Take a look at the example below. There is a vDisk of 120 GB with a mirroring (RAID1) policy and one failure to tolerate (FTT=1). The policy will be changed to erasure coding (EC). Erasure coding is often referred to as RAID5, but it is not RAID5 because the algorithm for parity calculation is totally different.
In the example shown above we have the original policy of mirroring (FTT=1). To achieve a failure tolerance of one, vSAN has to place two copies on two different hosts. 120 GB of raw data will result in 240 GB usage on the datastore. As quorum in case of a host isolation there has to be a third component called witness, but its disk usage on the datastore can be neglected.
In order to switch policy to erasure coding, the datadisk will be split into 3 parts and a forth parity component will be calculated. Erasure coding requires 2n+2 hosts, where n equals the amount of failures to tolerate. In our example above n=FTT=1 which requires four components on four different hosts.
Until policy transition is completed there will be objects of the old and new policy side by side. An original requirement of 240 GB (120 GB mirrored) will grow temporarily to 400 GB.

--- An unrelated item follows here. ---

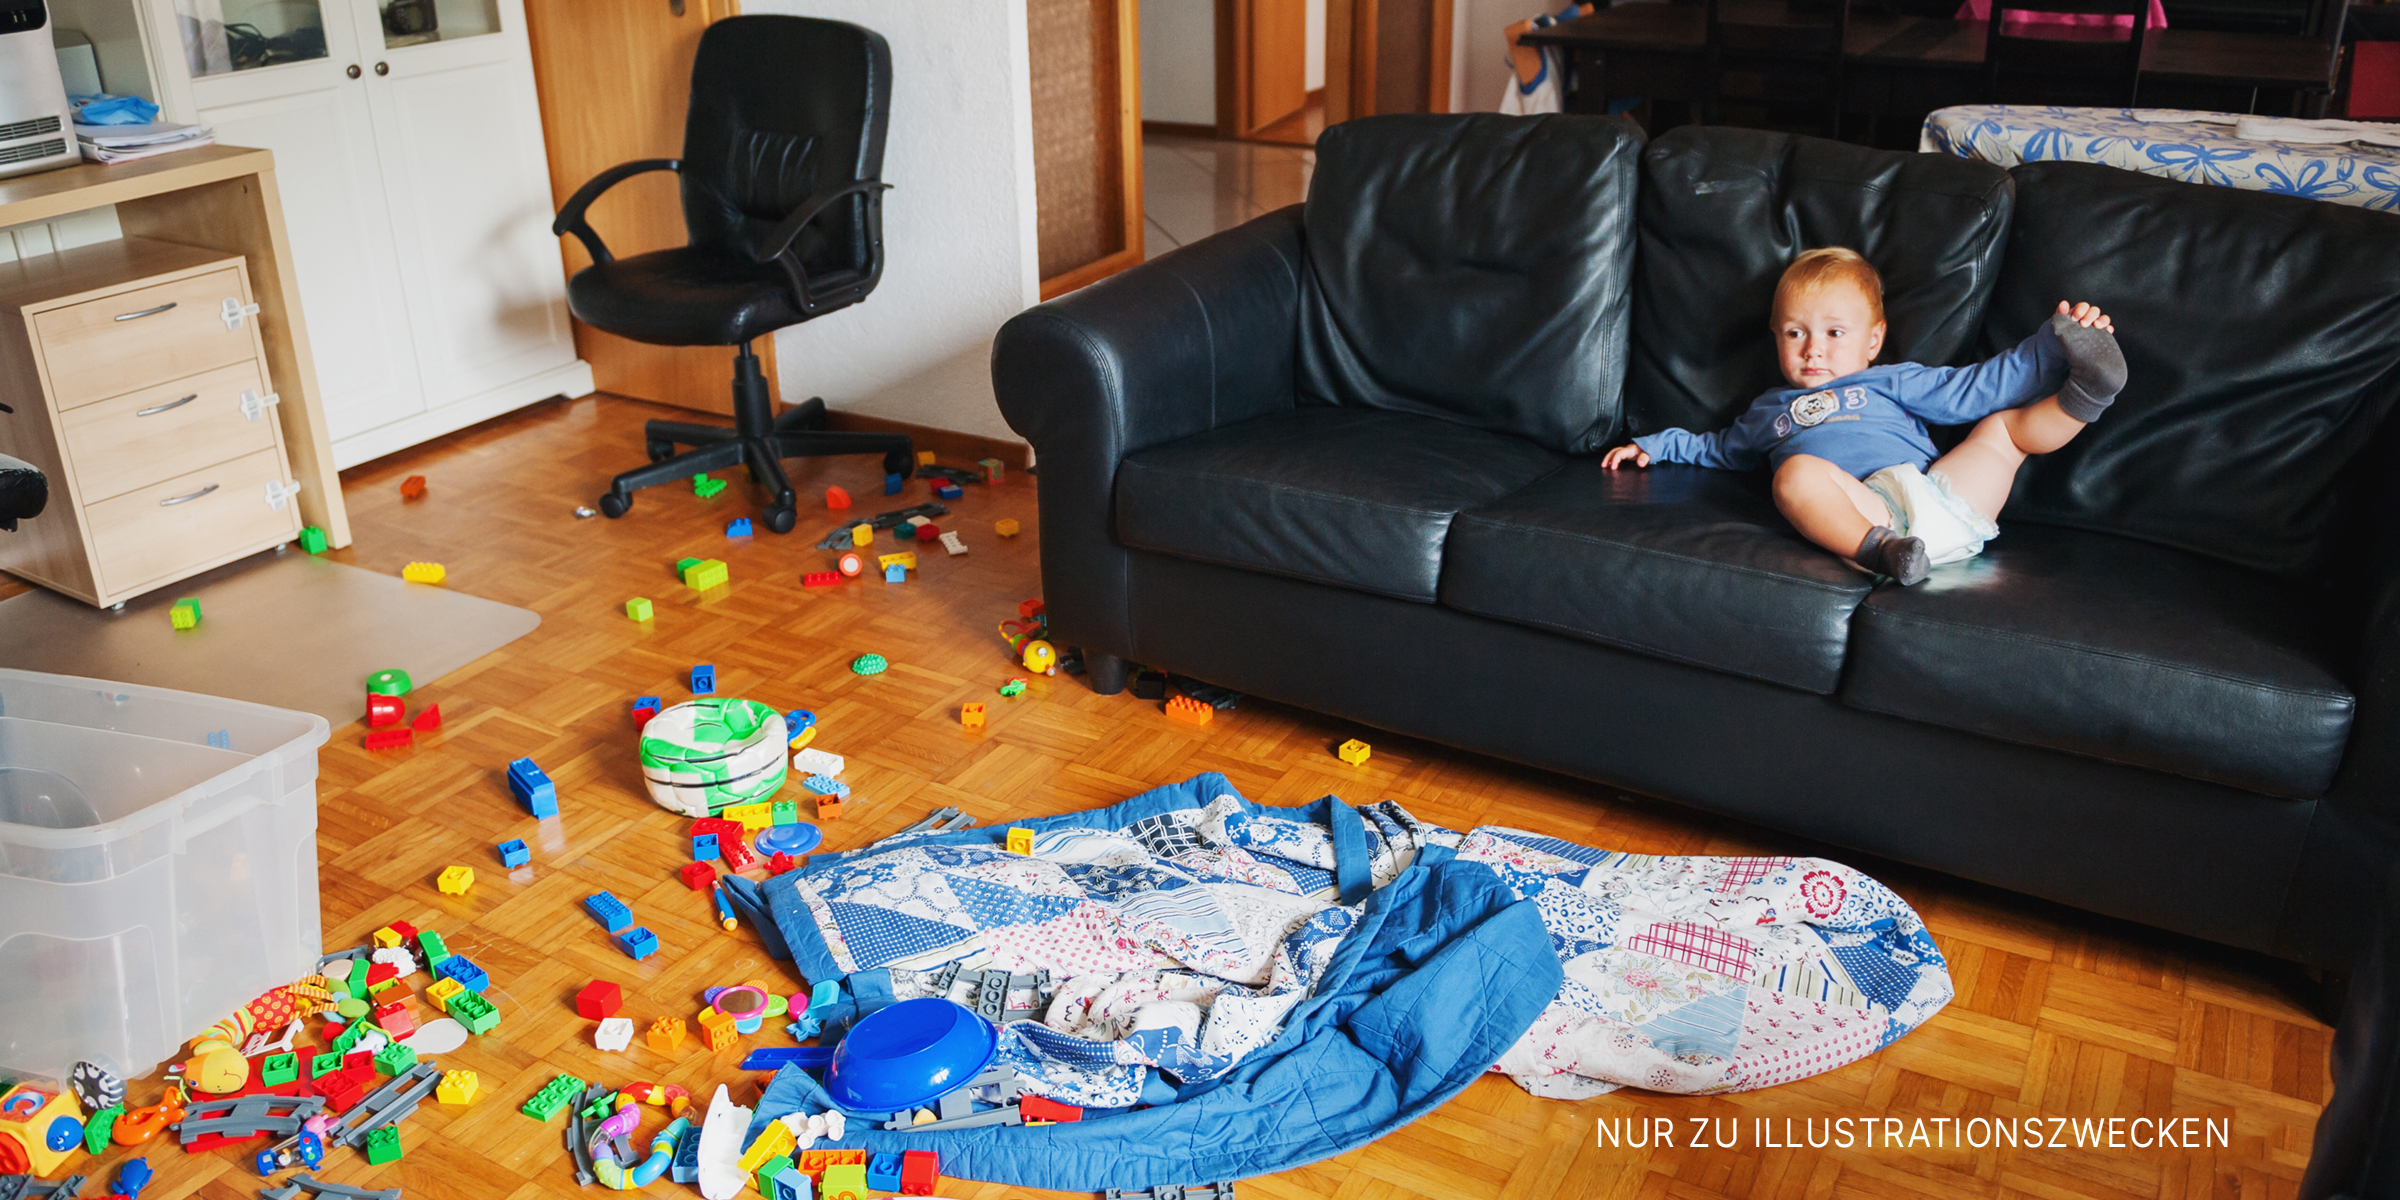 Baby liegt auf einer Couch in einem unordentlichen Zimmer | Quelle: Shutterstock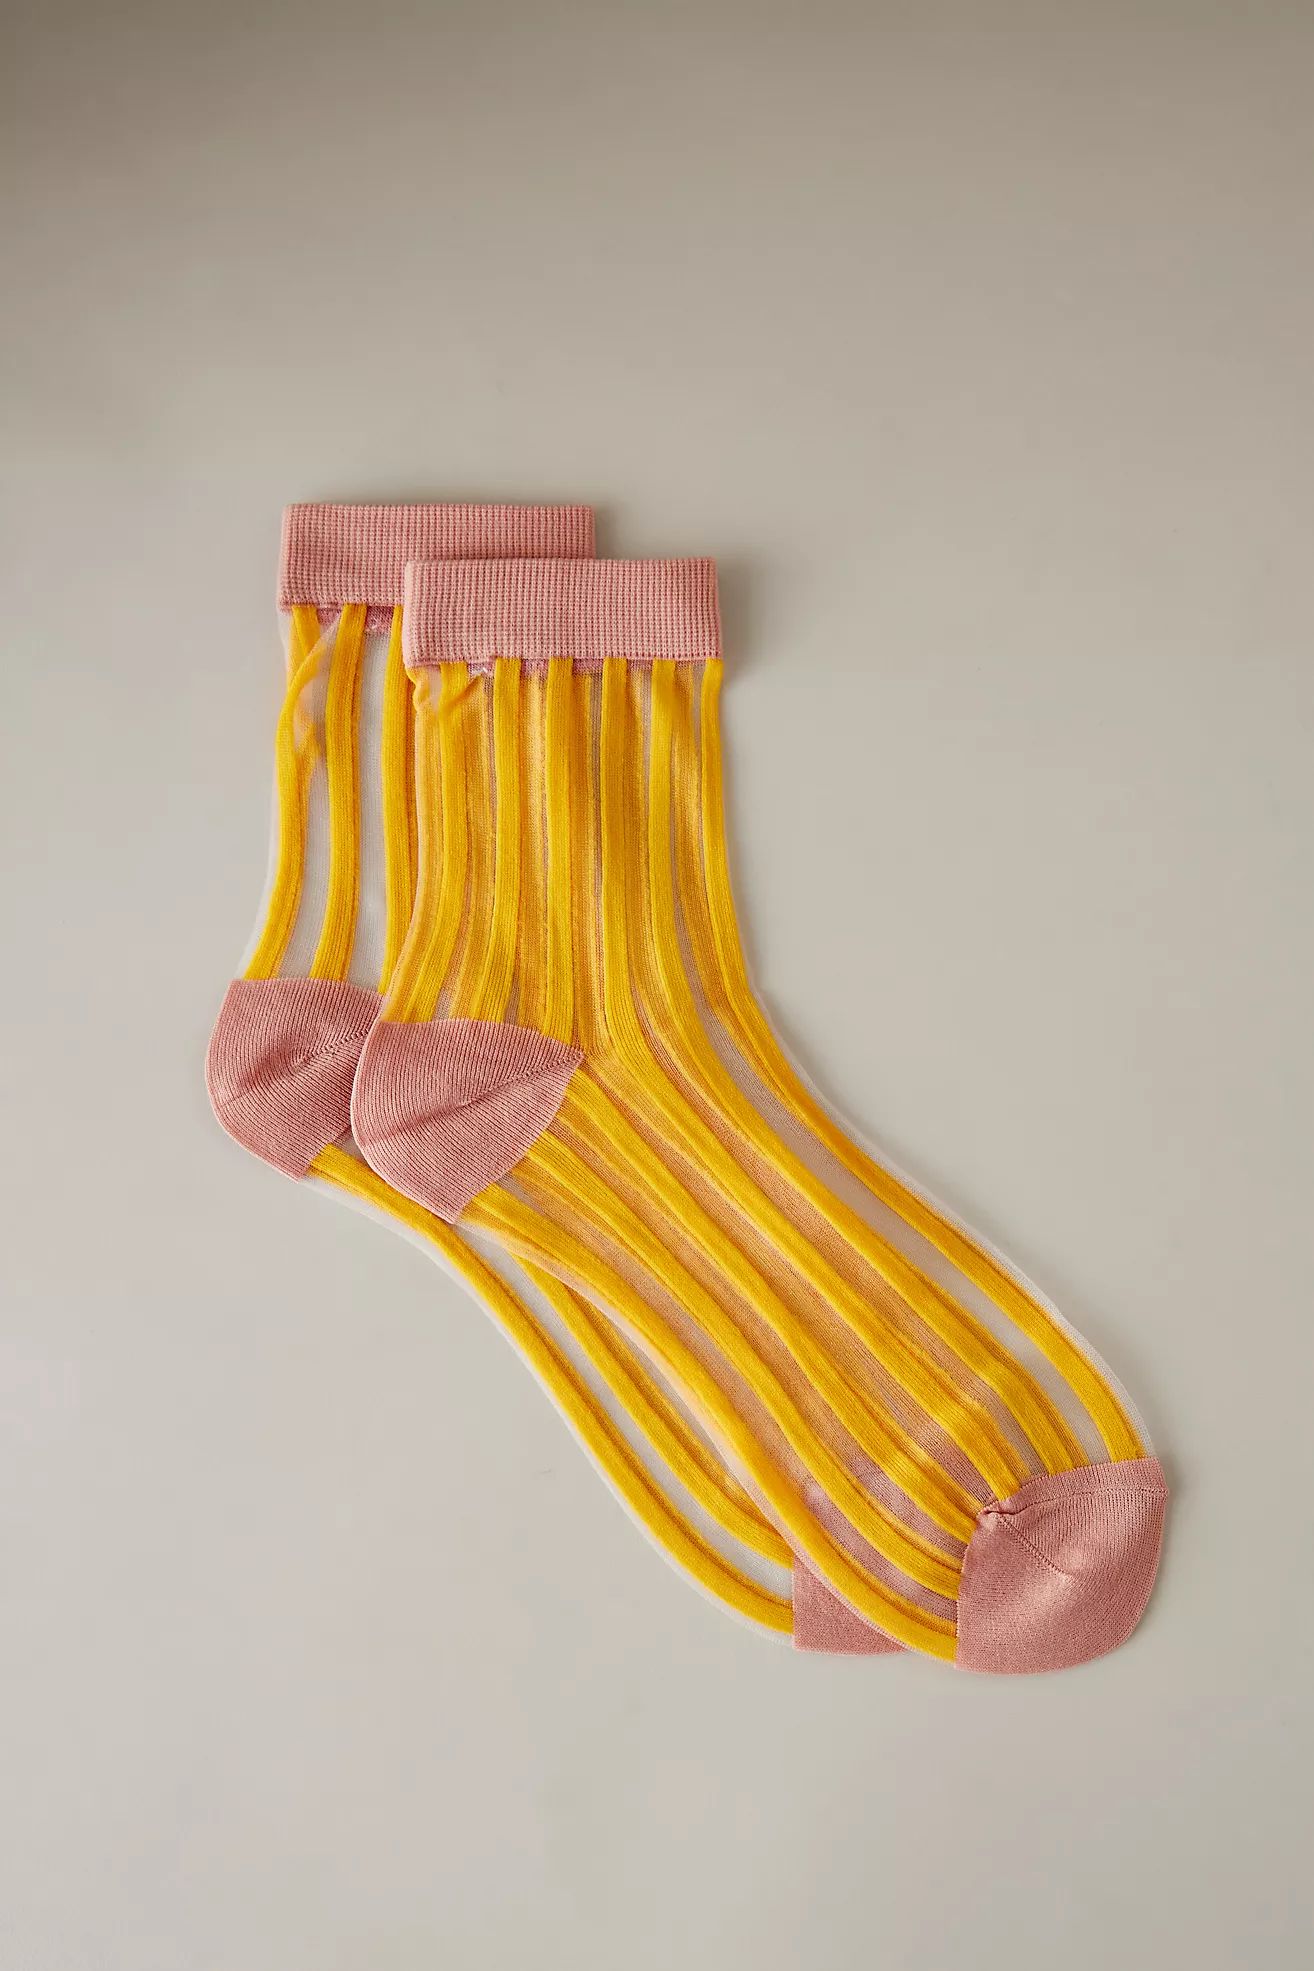 Hansel From Basel Sheer Striped Ankle Socks | Anthropologie (UK)

You can watch the transition progress in vCenter. The screenshot above shows the two mirrored components residing on ESX1 and ESX3, and the four new erasure coding components on ESX 1-4.
At the end of the policy transition the two mirrored components will be deleted and four components with 40 GB each will remain on the vSAN datastore.
Example with FFT=2
If you switch policy from RAID1 with FTT=2 to erasure coding with FTT=2 the phenomenon looks similar.
The example above shows a mirroring policy with two host failures to tolerate (FTT=2). Therefore vSAN has to place 3 copies on three different hosts. Additionally two witness components are required on two further hosts. Policy will be changed to erasure coding with FTT=2. Because erasure coding requires 2n+2 hosts we’ll get four data components and two parity components which vSAN has to distribute over six hosts. Temporarily the datastore requirement increases from 360 GB (3x 120 GB) up to 540 GB. At the end of transition it will drop to 180 GB.
Conclusion
I hope I could point out why vSAN needs slack space. Even if you have consumed all of your expected datastore, there needs to be some headroom for policy changes.